- TASK TO CARRY OUT
The copy must match the data word for word and contain no pictures.

- DATA SEGMENT
···
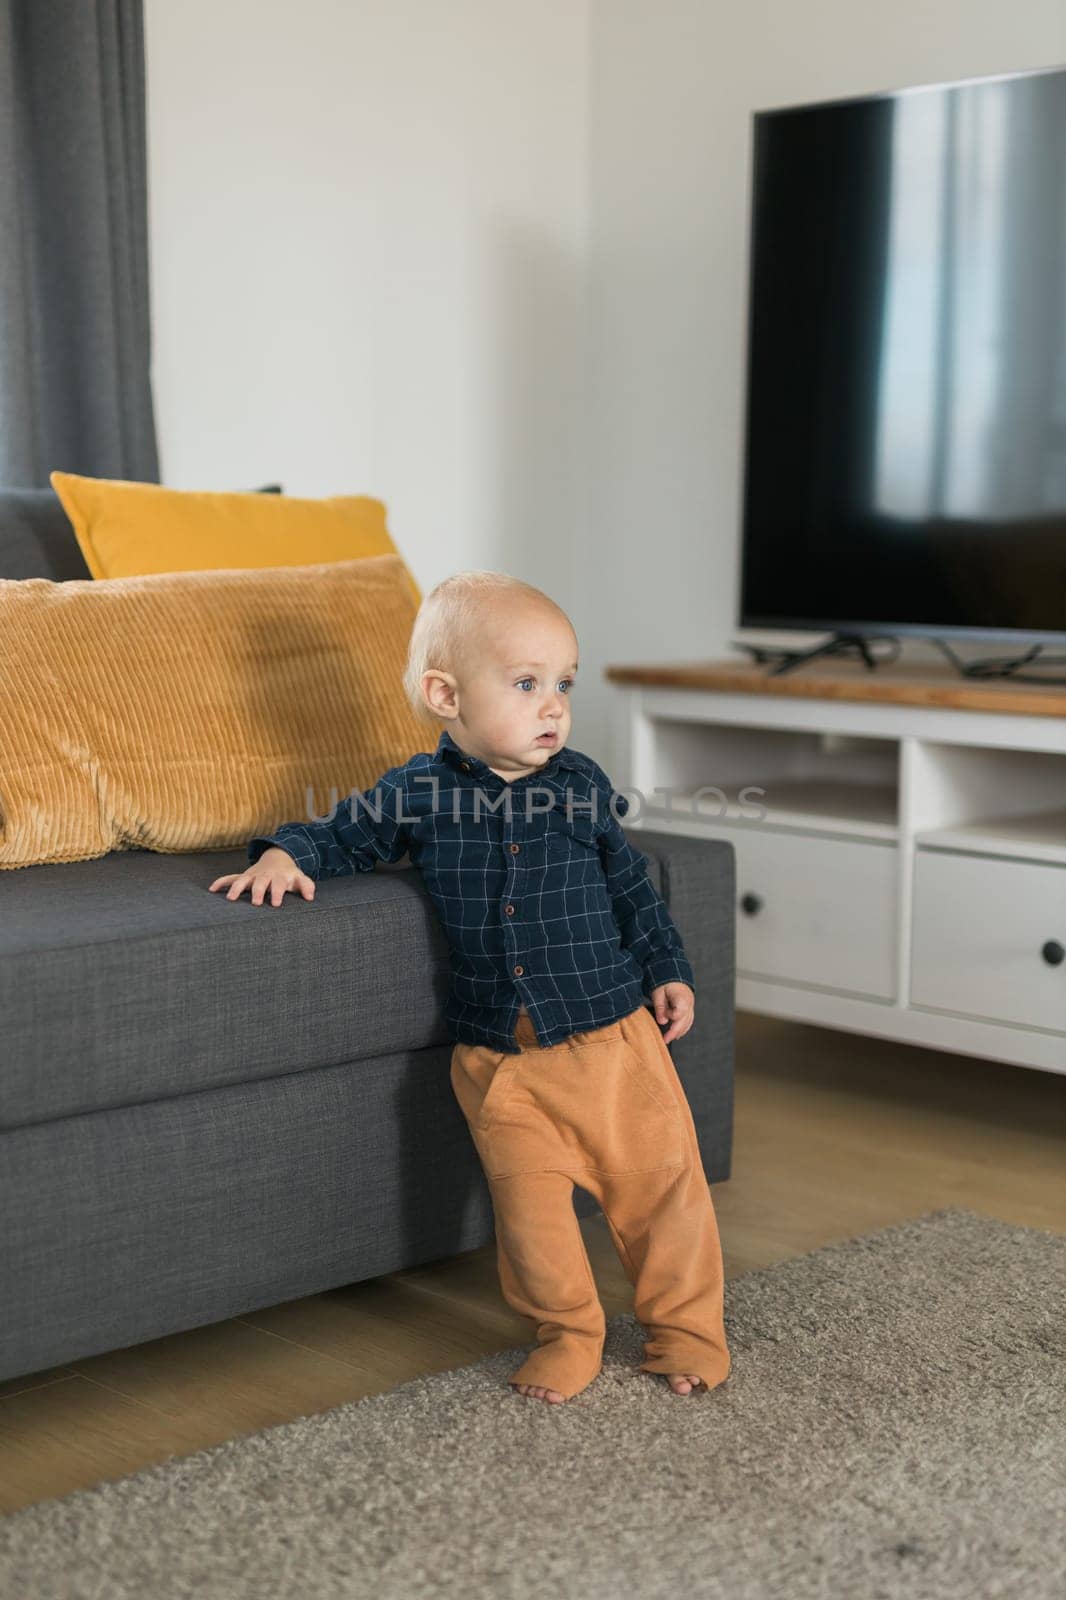 Toddler boy laughing having fun standing near sofa in living room at home. Adorable baby making first steps alone. Happy childhood and child care concept by Satura86
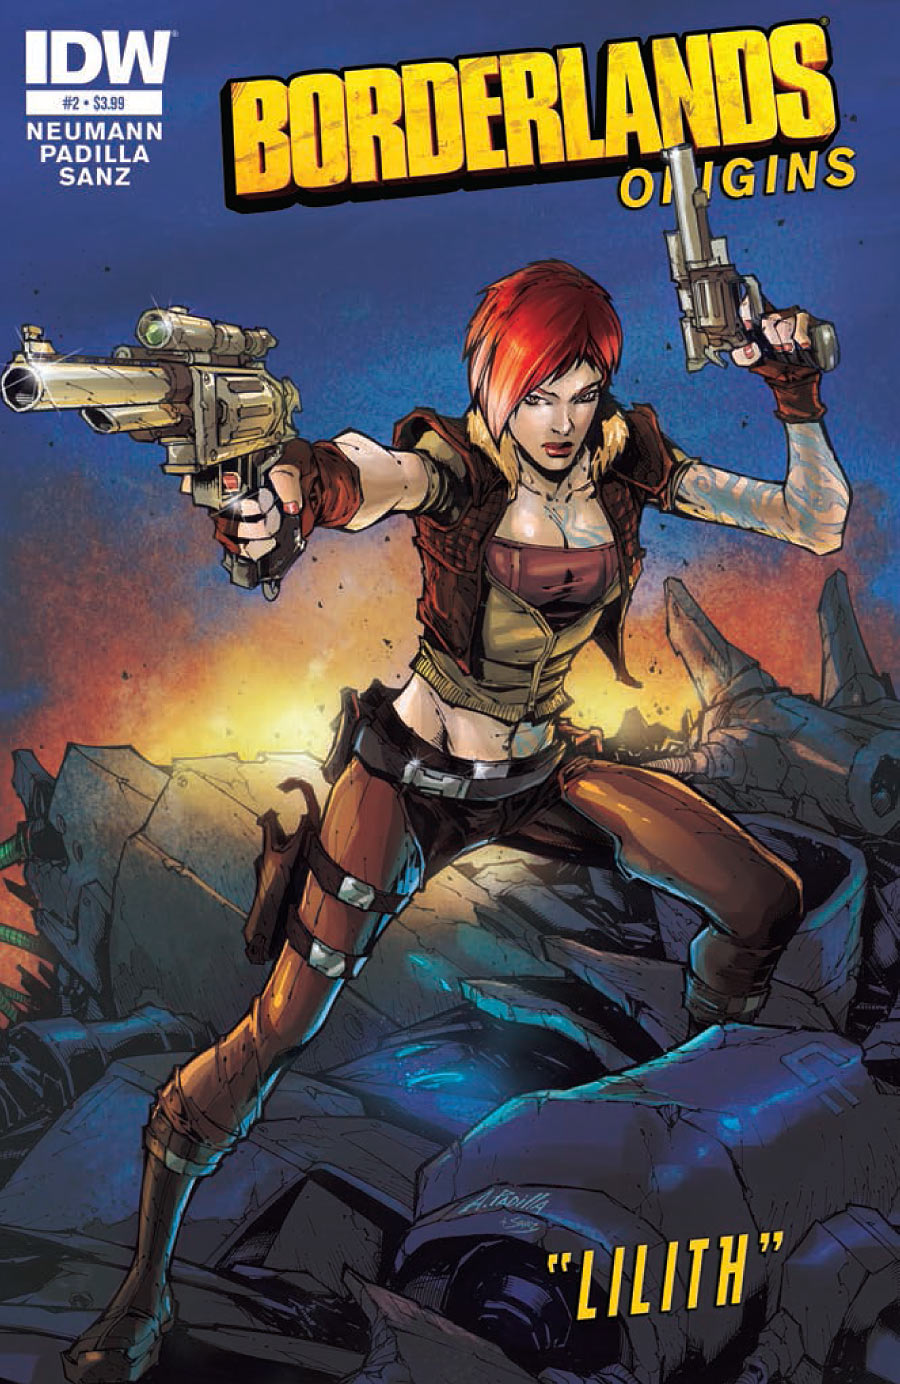 borderlands 2 intro song free download
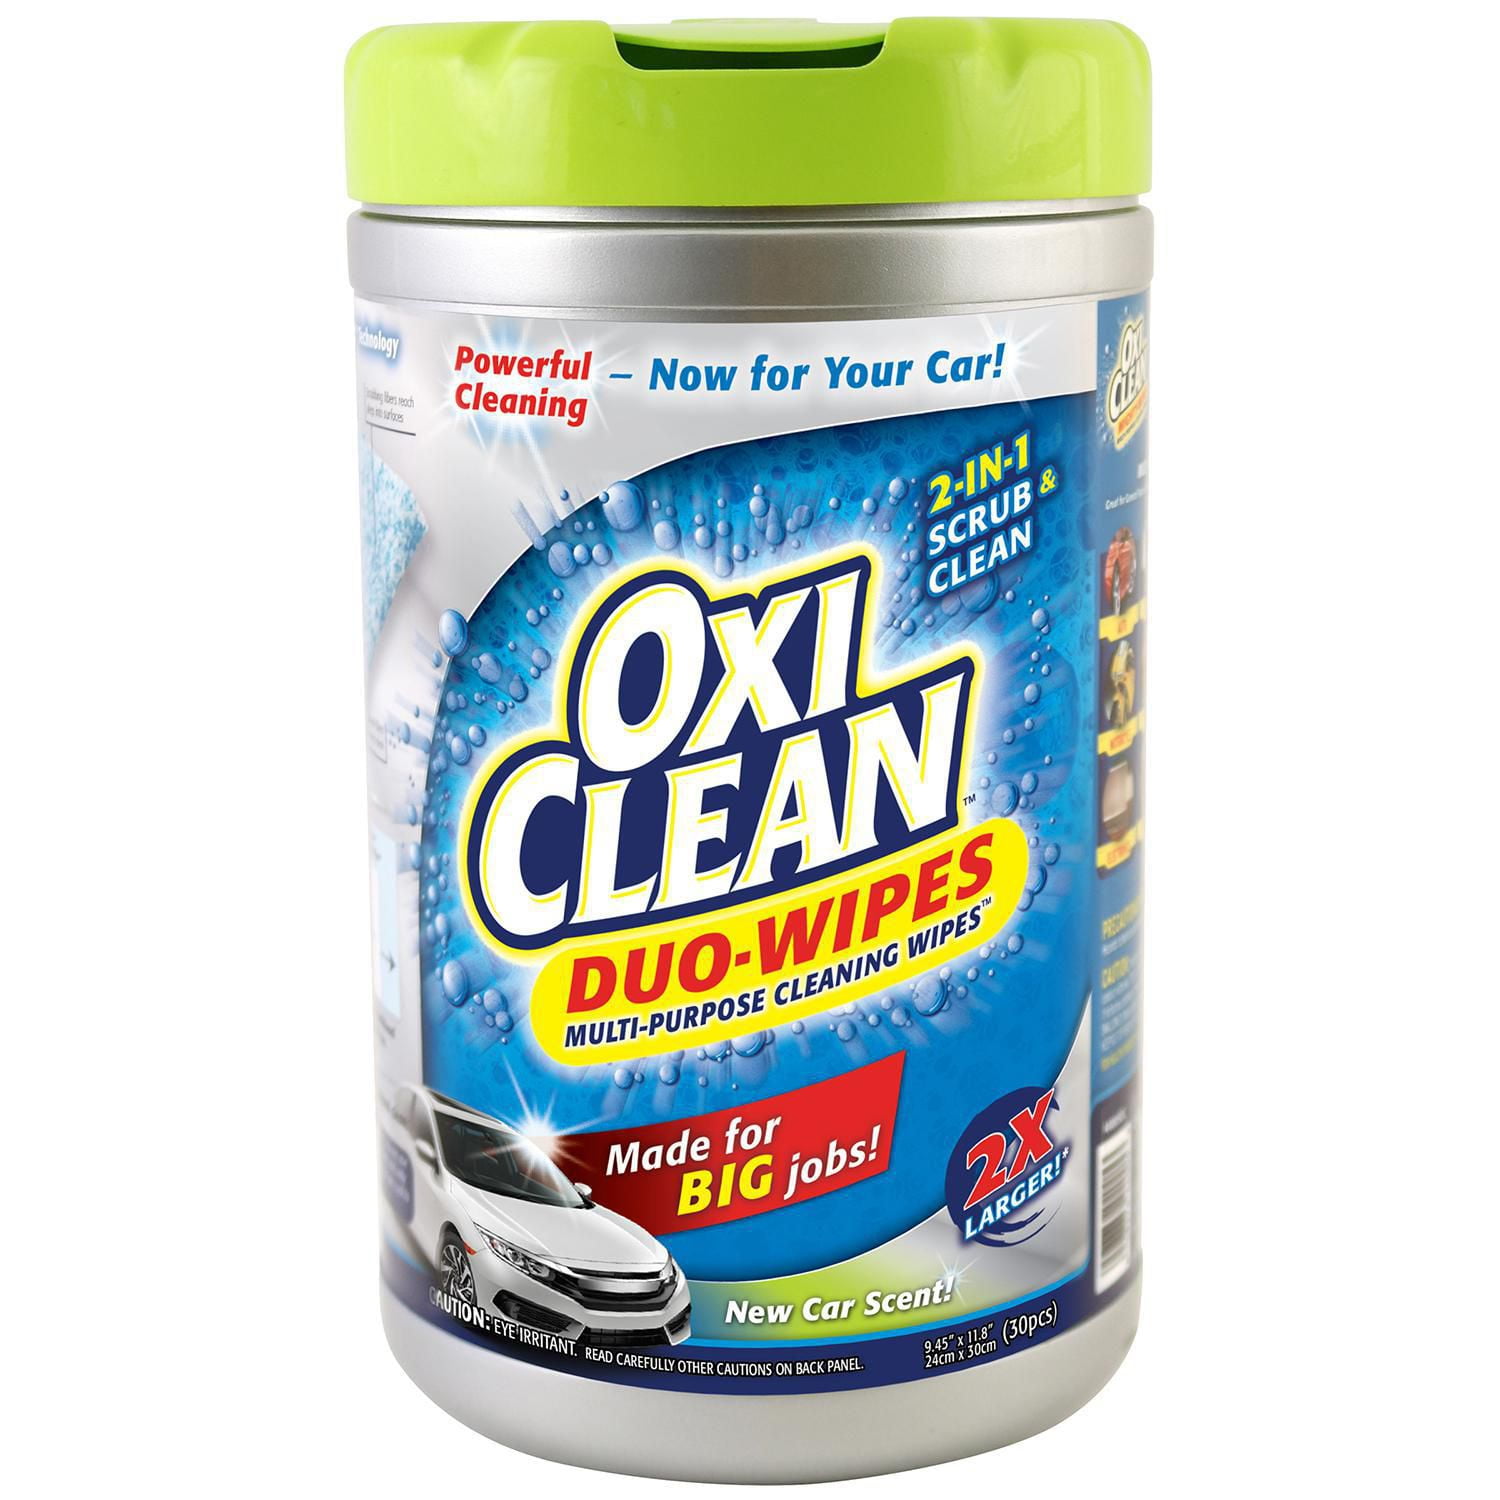 OxiClean Duo-Wipes Multi-Purpose Cleaning Wipes, 30 Count
···
- OUTPUT FOR THIS EXERCISE
 Toddler boy laughing having fun standing near sofa in living room at home. Adorable baby making first steps alone. Happy childhood and child care concept by Satura86
 borderlands 2 intro song free download
 OxiClean Duo-Wipes Multi-Purpose Cleaning Wipes, 30 Count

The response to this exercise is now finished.